Une approche uniquement technique

« Aujourd’hui, les agriculteurs bio sont pour la plupart des nouveaux convertis ou installés, observe Benoît Leroux. Certes, il existe maintenant des formations en bio. Mais il y a une forme d’atavisme professionnel. L’agriculture biologique remet en question le modèle considéré comme celui du progrès. Dans le milieu, la bio est toujours décriée comme étant incapable de nourrir la planète. » Incarnation du productivisme, la Fédération nationale des syndicats d’exploitants agricoles (FNSEA) dispose pourtant désormais de sa propre commission bio. « Si on ne fait que répéter qu’il faut une modification totale de l’exploitation, en culpabilisant les gens, les agriculteurs ne vont pas se convertir », affirme M. Rémy Fabre, l’un de ses membres.

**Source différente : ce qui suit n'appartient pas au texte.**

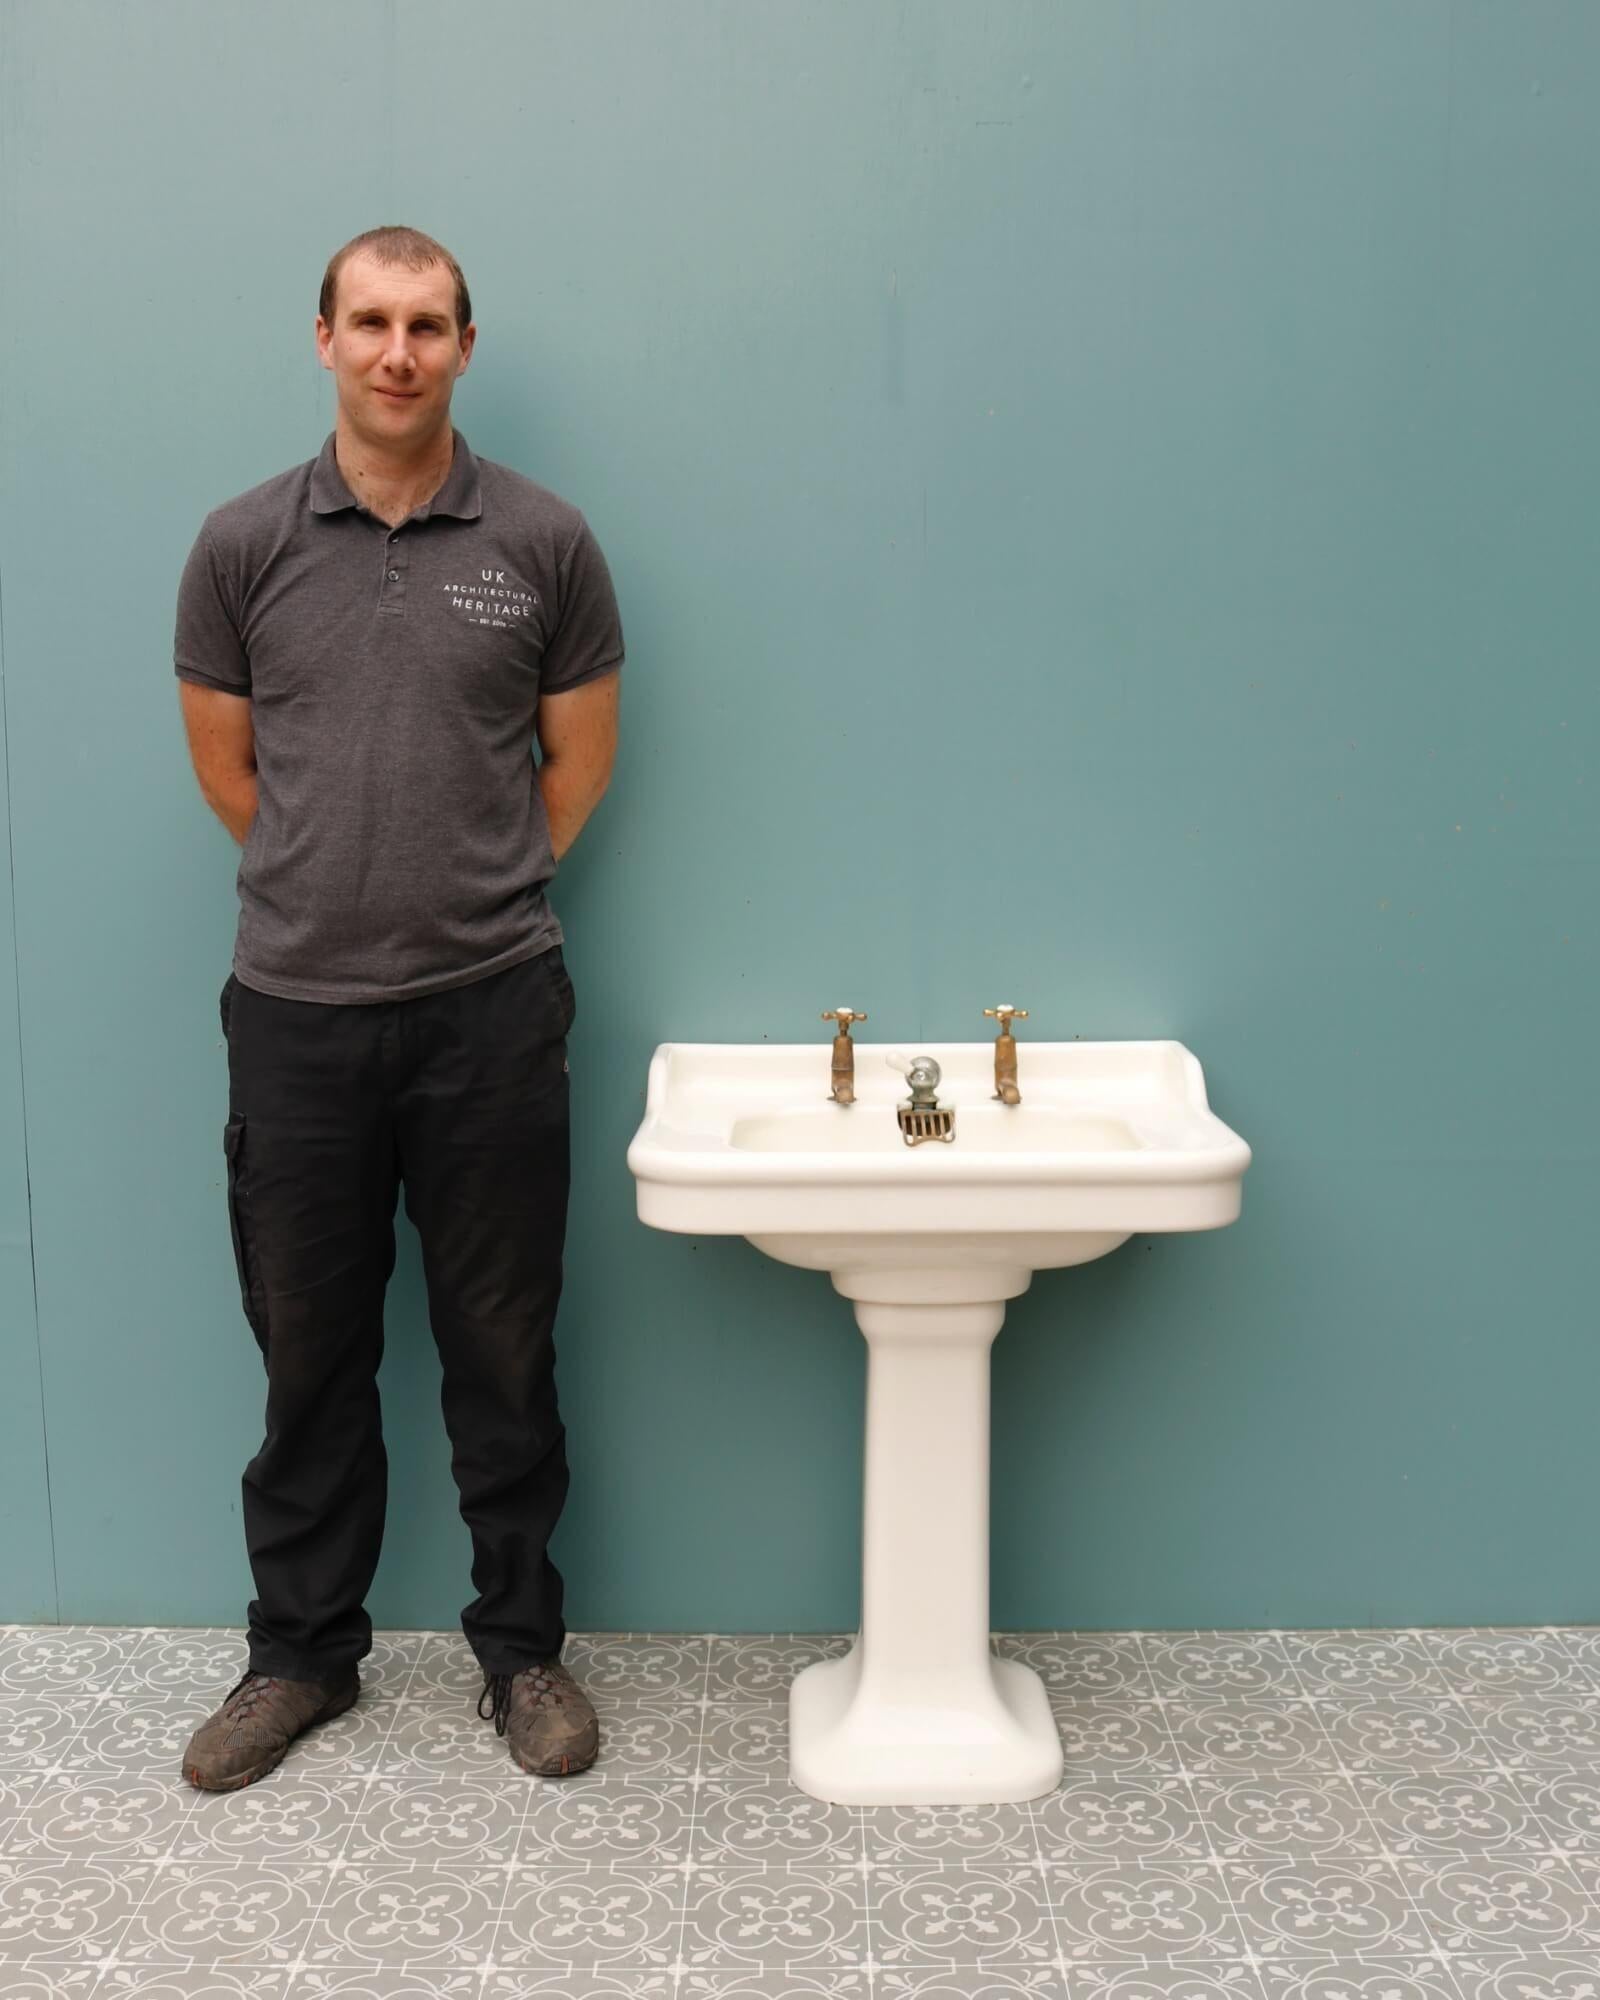 A reclaimed Art Deco Porcher pedestal sink dating from circa 1920. This simple yet elegant antique sink has a sophisticated French style that would give a bathroom in either a contemporary or period home a smart and elegant look. It features a

Du côté des chambres d’agriculture, on explique que les possibilités d’accompagnement sont limitées par l’impératif d’efficacité économique : « Nous avons des moyens contraints. Un conseiller agricole ne peut pas se contenter d’accompagner dix agriculteurs ; il doit suivre quatre-vingts à cent exploitations. Il n’y a que des groupements bio, des syndicats, qui peuvent faire ce travail pour défendre leur système de pensée, estime M. Jacques Pior, responsable national du développement de l’agriculture biologique au sein de l’Assemblée permanente des chambres d’agriculture. En tant qu’organisme public, nous devons nous occuper de tous les agriculteurs, nous ne pouvons pas opérer une ségrégation entre eux. »

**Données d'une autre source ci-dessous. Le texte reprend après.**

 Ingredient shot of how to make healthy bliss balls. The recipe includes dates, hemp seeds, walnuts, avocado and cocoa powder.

Fin 2016, le président de la région Auvergne-Rhône-Alpes, M. Laurent Wauquiez (Les Républicains), a décidé de transférer l’accompagnement technique, jusque-là réalisé par des associations réunies au sein de Corabio, vers les chambres d’agriculture. Cette mesure s’est accompagnée de la suppression des financements aux associations de soutien à l’agriculture paysanne telles que Terre de liens. Or, si les chambres d’agriculture détiennent de réelles compétences, la généralisation d’une approche exclusivement technique exclut toute vision philosophique ou éthique.

En s’intégrant aux circuits classiques et aux logiques financières dominantes, l’agriculture biologique, censée représenter une solution de rechange à un système global, ne risque-t-elle pas de perdre son âme ? Déjà, une bio à deux vitesses se dessine. La première, guidée par les nouveaux acteurs de ce marché, se cale sur un respect minimal des normes, quitte à reproduire les aberrations et les inégalités du système conventionnel. La seconde tente de préserver sa spécificité en renforçant ses engagements par des chartes, des labels plus exigeants ou des groupements de producteurs. Reste à savoir si les consommateurs auront les moyens de faire la différence.